Hands-on teaching you to use PHP to engage in web crawling without blocking number
Crawlers should have encountered this situation: just grabbed a few pages of data IP was blocked, especially engaged in e-commerce price monitoring or public opinion analysis, often by the target site black. At this time we have to rely on proxy IP to continue, today we take PHP to say how to play around with proxy IP to catch data.
Choosing the right proxy IP service provider is the first step to success
There are a lot of proxy IP service providers on the market, but there are really not many reliable ones. Here we must favoripipgoThe dynamic residential agent of the family, personally tested and effective. Their home IP pool is updated 2 million + every day, supports automatic switching, and the most critical is that there are optimized lines specifically for e-commerce platforms.
// Example of getting the ipipgo proxy
$api_url = "https://api.ipipgo.com/getproxy?format=json&key=你的API密钥";
$proxy_data = json_decode(file_get_contents($api_url), true);
// Getting the proxy information looks like this
/
{
"port": 8888, "expire_time": "2024-08-01 12:00
"expire_time": "2024-08-01 12:00:00"
}
/
PHP crawl live code (with exception handling)
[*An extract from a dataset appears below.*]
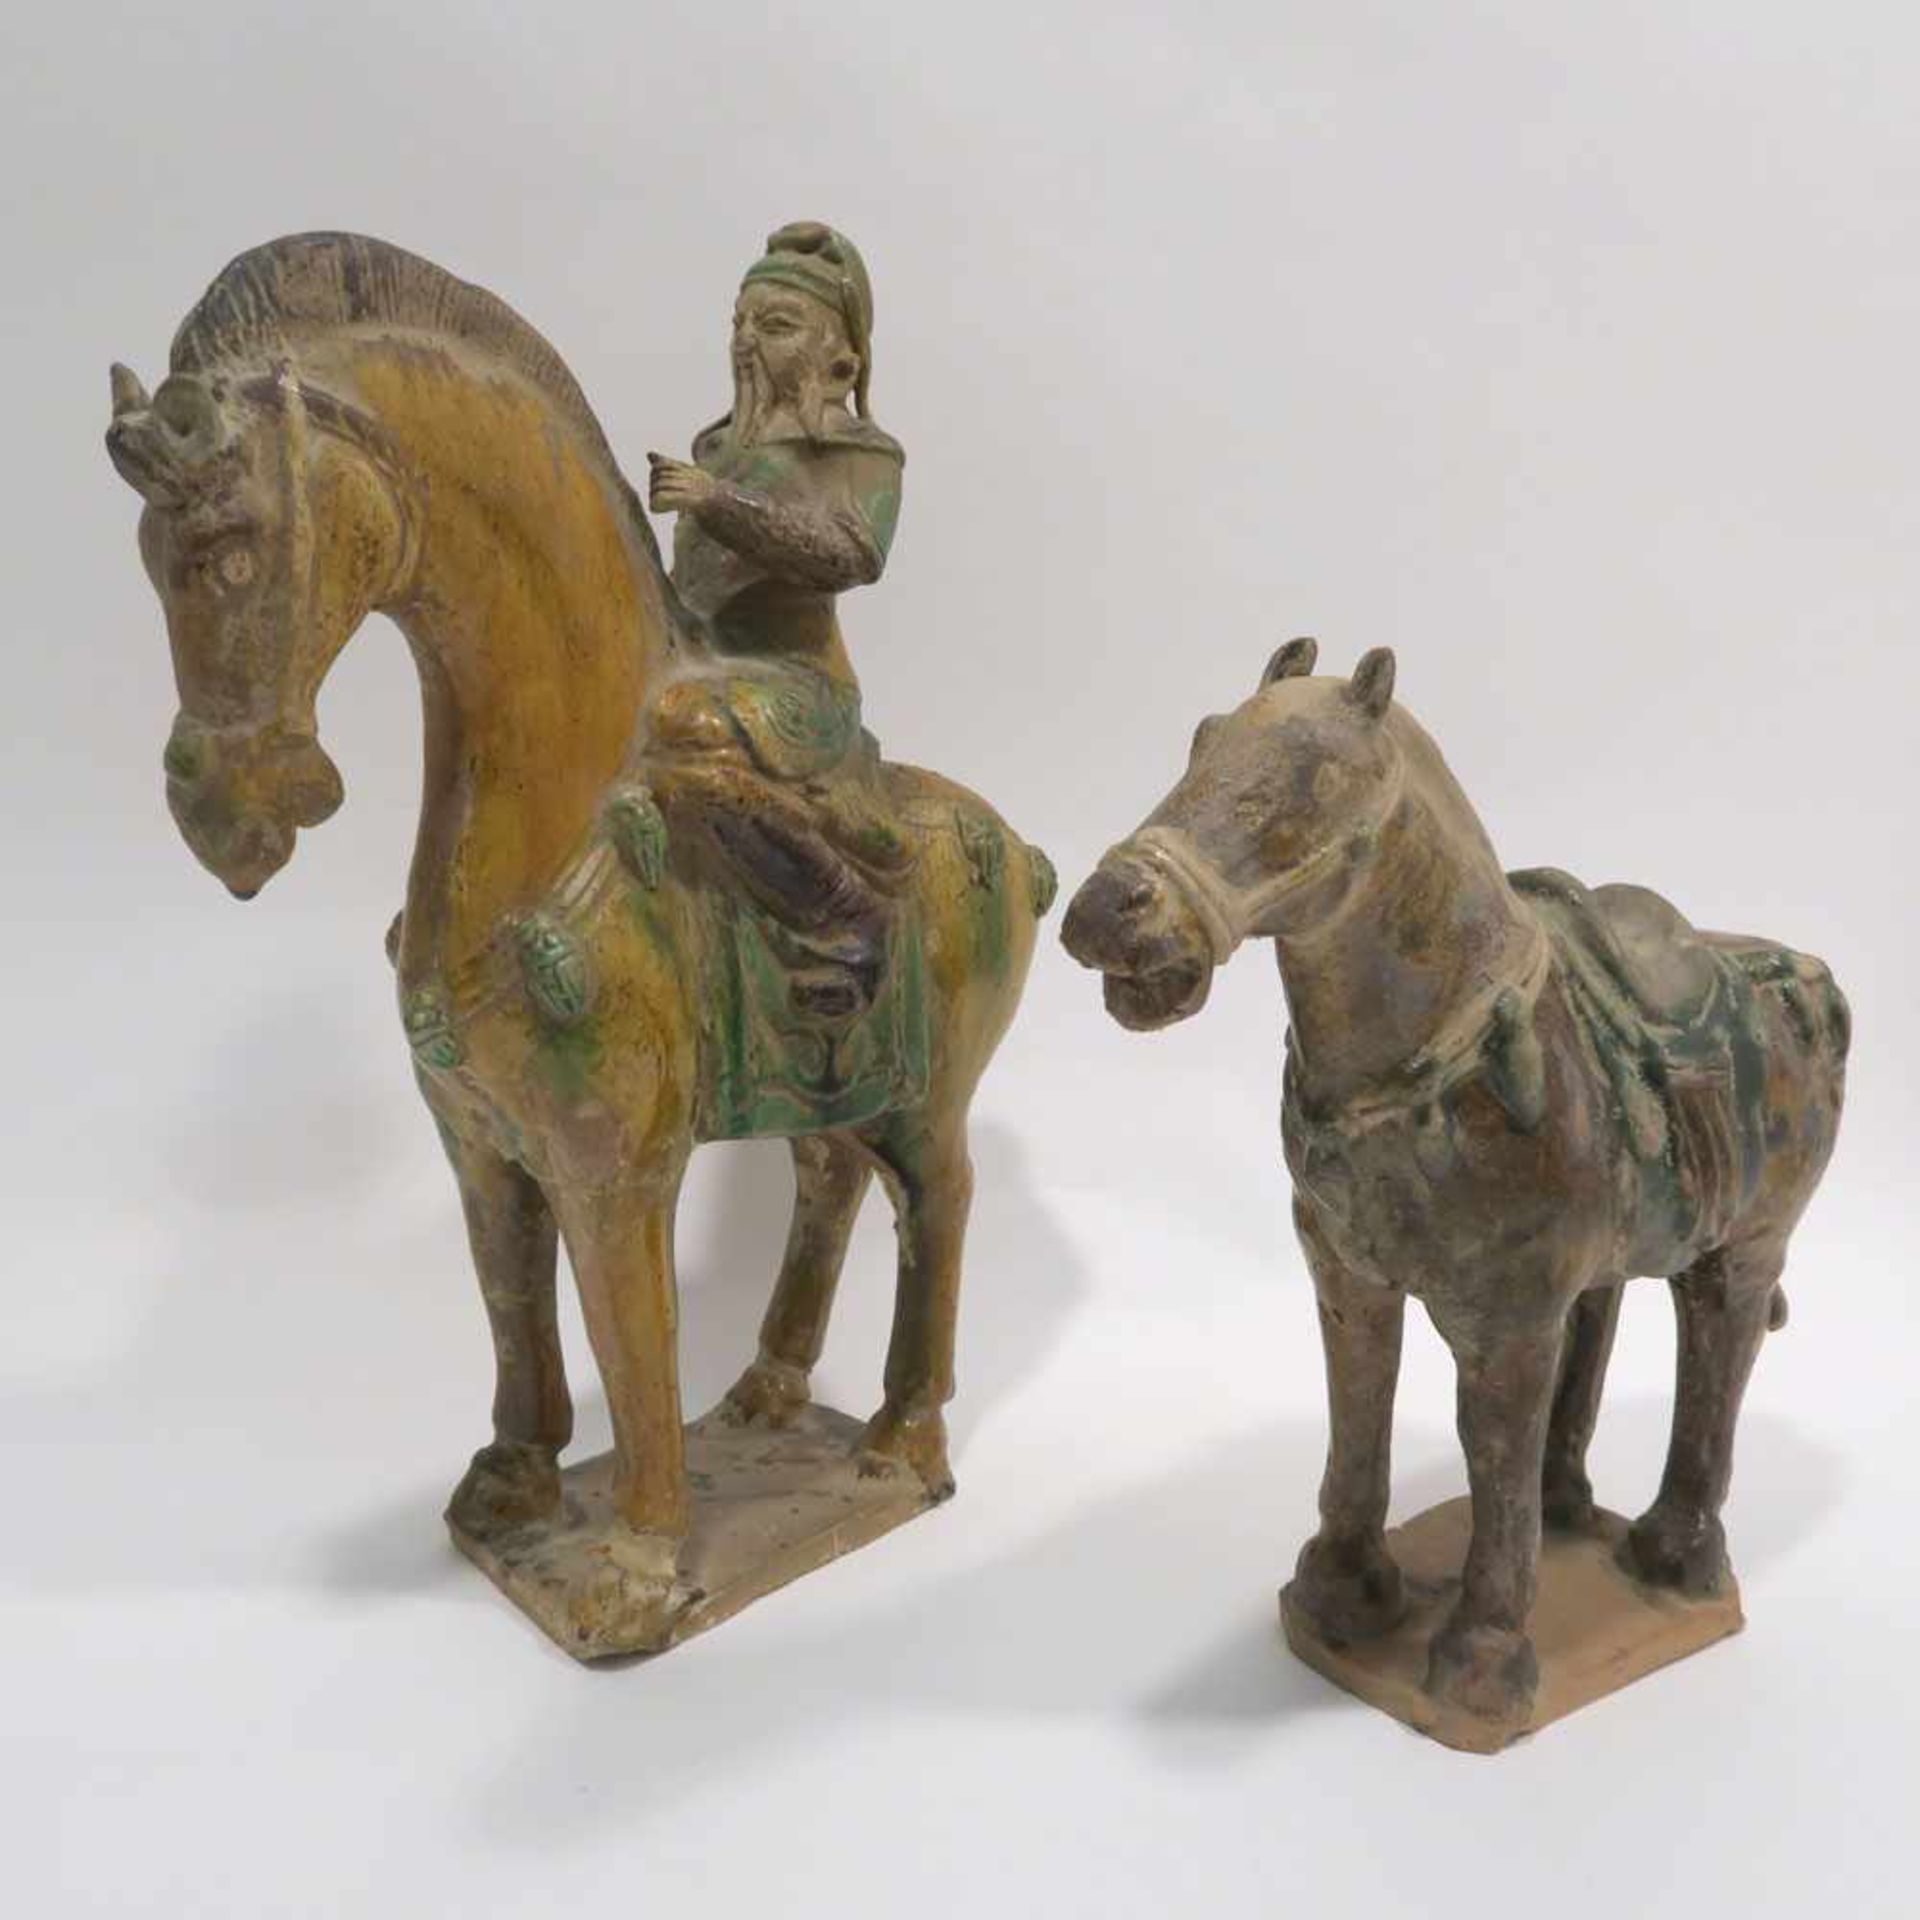 Pferd mit Reiter / PferdChina, im Tang-Stil. Keramik, farbig gefasst. Tlw. rest., tlw. besch. H.
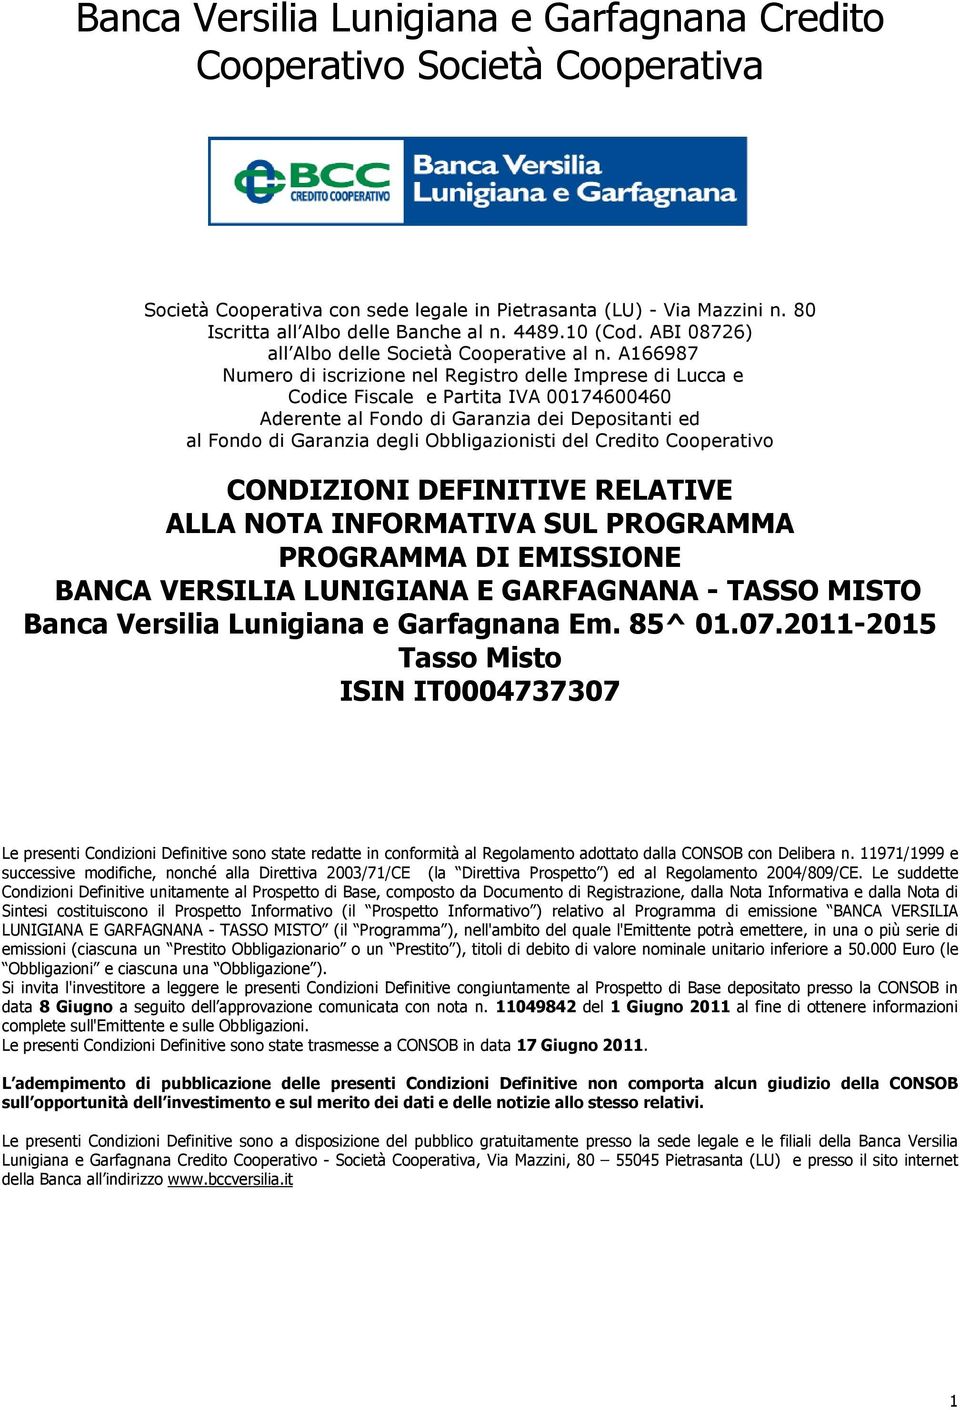 A166987 Numero di iscrizione nel Registro delle Imprese di Lucca e Codice Fiscale e Partita IVA 00174600460 Aderente al Fondo di Garanzia dei Depositanti ed al Fondo di Garanzia degli Obbligazionisti

The following code is battle-tested, focusing on the proxy settings and exception handling sections:
function fetchWithProxy($url) {
$ch = curl_init();
// Get the latest proxy from ipipgo_proxy
$proxy = get_ipipgo_proxy(); // Wrap this function yourself!
curl_setopt($ch, CURLOPT_PROXY, $proxy['ip']);
curl_setopt($ch, CURLOPT_PROXYPORT, $proxy['port']); curl_setopt($ch, CURLOPT_PROXYPORT, $proxy['port'])
curl_setopt($ch, CURLOPT_TIMEOUT, 15); // set a short for timeout
curl_setopt($ch, CURLOPT_URL, $url); curl_setopt($ch, CURLOPT_URL, $url); // set short for timeout.
curl_setopt($ch, CURLOPT_RETURNTRANSFER, 1); curl_setopt($ch, CURLOPT_URL, $url); // Set short point for timeout.
curl_setopt($ch, CURLOPT_SSL_VERIFYPEER, false); // skip certificate verification
// Disguise the browser
curl_setopt($ch, CURLOPT_HTTPHEADER, [
'User-Agent: Mozilla/5.0 (Windows NT 10.0) AppleWebKit/537.36'
]).
try {
$output = curl_exec($ch); if(curl_errno($ch))
if(curl_errno($ch)){
throw new Exception('Crawl failed: '.curl_error($ch)); }
}
return $output; }
} finally {
curl_close($ch); }
}
}
// Example call
$html = fetchWithProxy("https://target-site.com/product/123");
Six Tips for Dodging Anti-Crawlers
It's not enough to have an agent, these details are still blocked if you don't pay attention to them:
| anti-climbing measures | hacking method |
|---|---|
| Request Frequency Detection | Random delay 0.5-3 seconds, don't use fixed intervals |
| Browser Fingerprinting | Changing User-Agents and Cookies Every Time |
| CAPTCHA interception | Real life residential agent with ipipgo |
| IP Behavior Analysis | No more than 30 minutes of use for a single IP |
Frequently Asked Questions
Q: Why was my proxy blocked just after I used it?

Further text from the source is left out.